Today, a month later, one of the picnic hosts approached me and said, “I just wanted to tell you I’ve decided to start a Bible study with some women. In these conversations I’ve heard a common theme of a need for this and thought it’s something I could do to help.” As she listed the names of people who would be part of the Bible study, I almost felt a physical weight lift. They were the names of the people who seemed to be the most lonely or longing most for community, the ones who had first raised the questions about children’s ministry.
As that weight lifted I thought back on the way this six-month process had unfolded. I remembered the moments I had been tempted to buy a curriculum or transplant someone else’s program. If I had found a quick fix to the first question about children’s ministry, we wouldn’t have had a chance to explore together what Christian community can be. If I had plopped a program into place, the conversations that took place and the relationships that began to develop at those picnics would not have happened.
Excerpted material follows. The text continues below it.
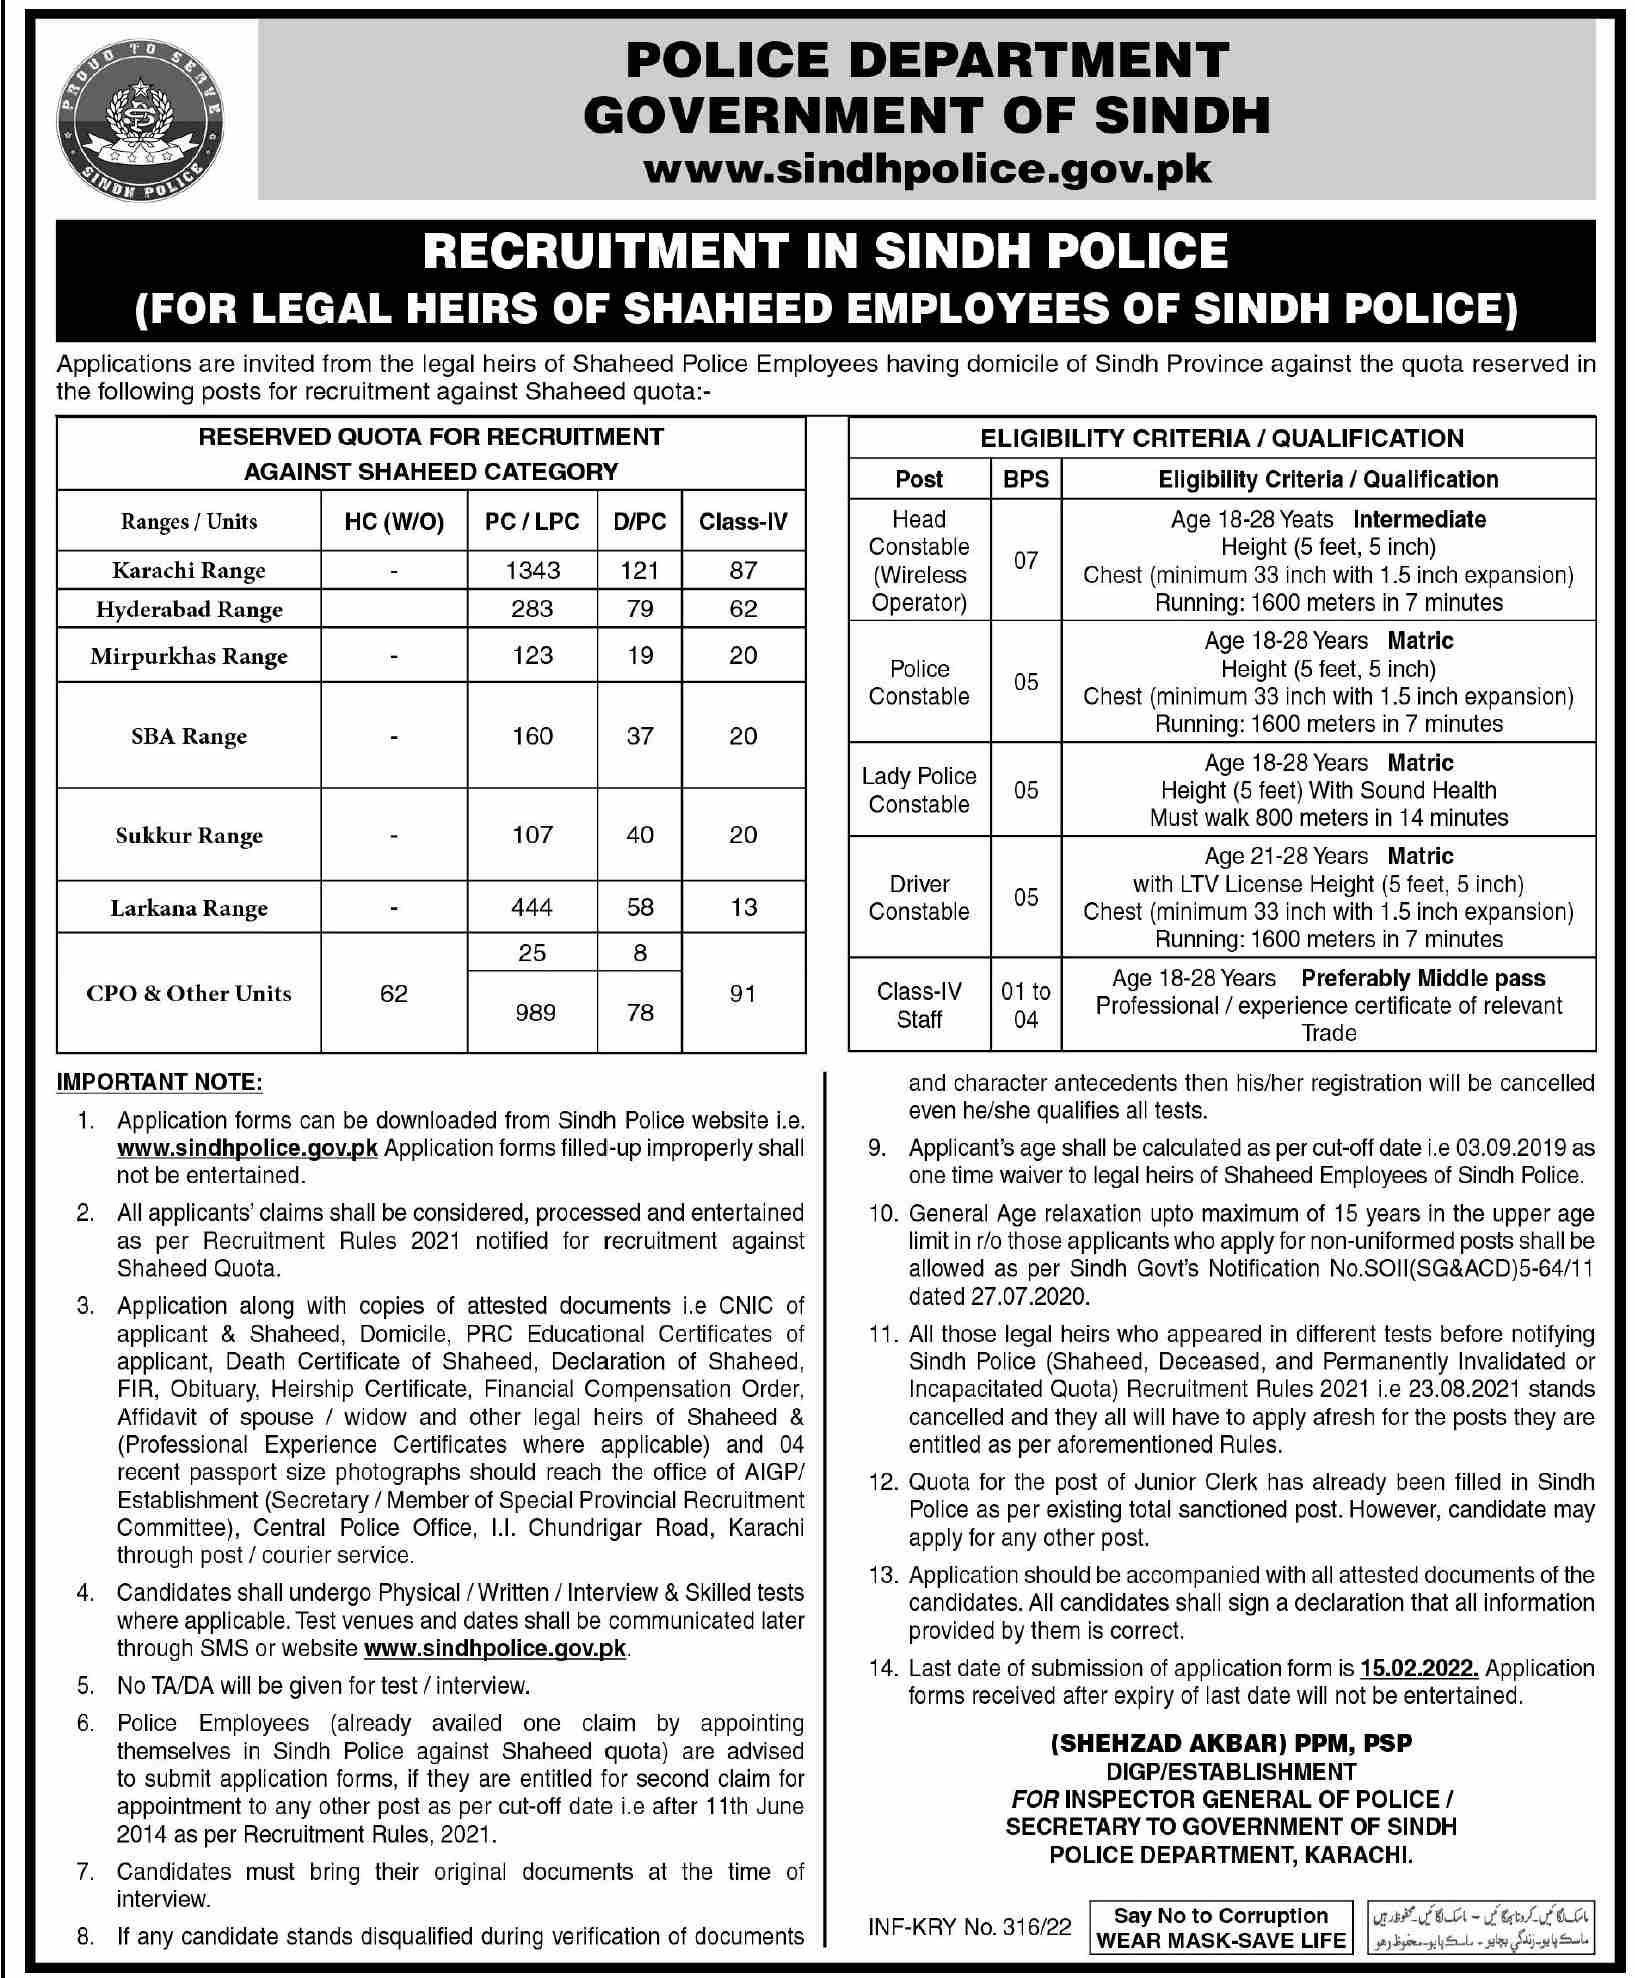 Latest Sindh Police Management Posts Karachi 2022 Sindh Police is looking for candidates for following posts as per job advertisement published in daily Dawn Newspaper of January 24, 2022 for location Karachi Sindh Pakistan: class iv head constable driver constable lady police constable and police constable  Preferred Education is Primary, Intermediate, Middle and Matric etc.  Apply at Sindh Police latest Government jobs in Management and departments before closing date which is around February 14, 2022 or as per closing date in newspaper ad. Read complete ad online to know how to apply on latest Sindh Police job opportunities.

If I had tried to fix this, we would have missed the opportunity to watch how the community could create community.
Although this approach feels weak, the saying often attributed to management guru, Peter Drucker, encourages me: “Culture eats strategy for breakfast.” The process of engaging in conversation as staff and with the congregation has helped us shape culture, help us name the decisions we want to avoid, and the recognize signs of a way forward. They’ve helped us define who we are, even if we’re still working on what we do about it.
And, even more, I’m encouraged by the example of Jesus with the woman at the well. She wanted a quick, easy, and permanent solution to her immediate problem, something that would mean she wouldn’t have the inconvenience of returning to refill her water jar everyday. The way she first understood Jesus’ promise of living water gave her hope she would never again find herself in that uneasy place of lacking something, of feeling her own need.
Jesus wanted to give her something more satisfying but also more mystifying. His invitation to us is the same. When we are thirsty for answers, when we don’t have what we need, it’s tempting to look for instant gratification, hoping it will keep us from ever having to feel our need again. But, instead, he invites us into something mystifying and along the way we discover the riches of his community and his provision.
Mandy Smith is lead pastor of University Christian Church in Cincinnati, Ohio.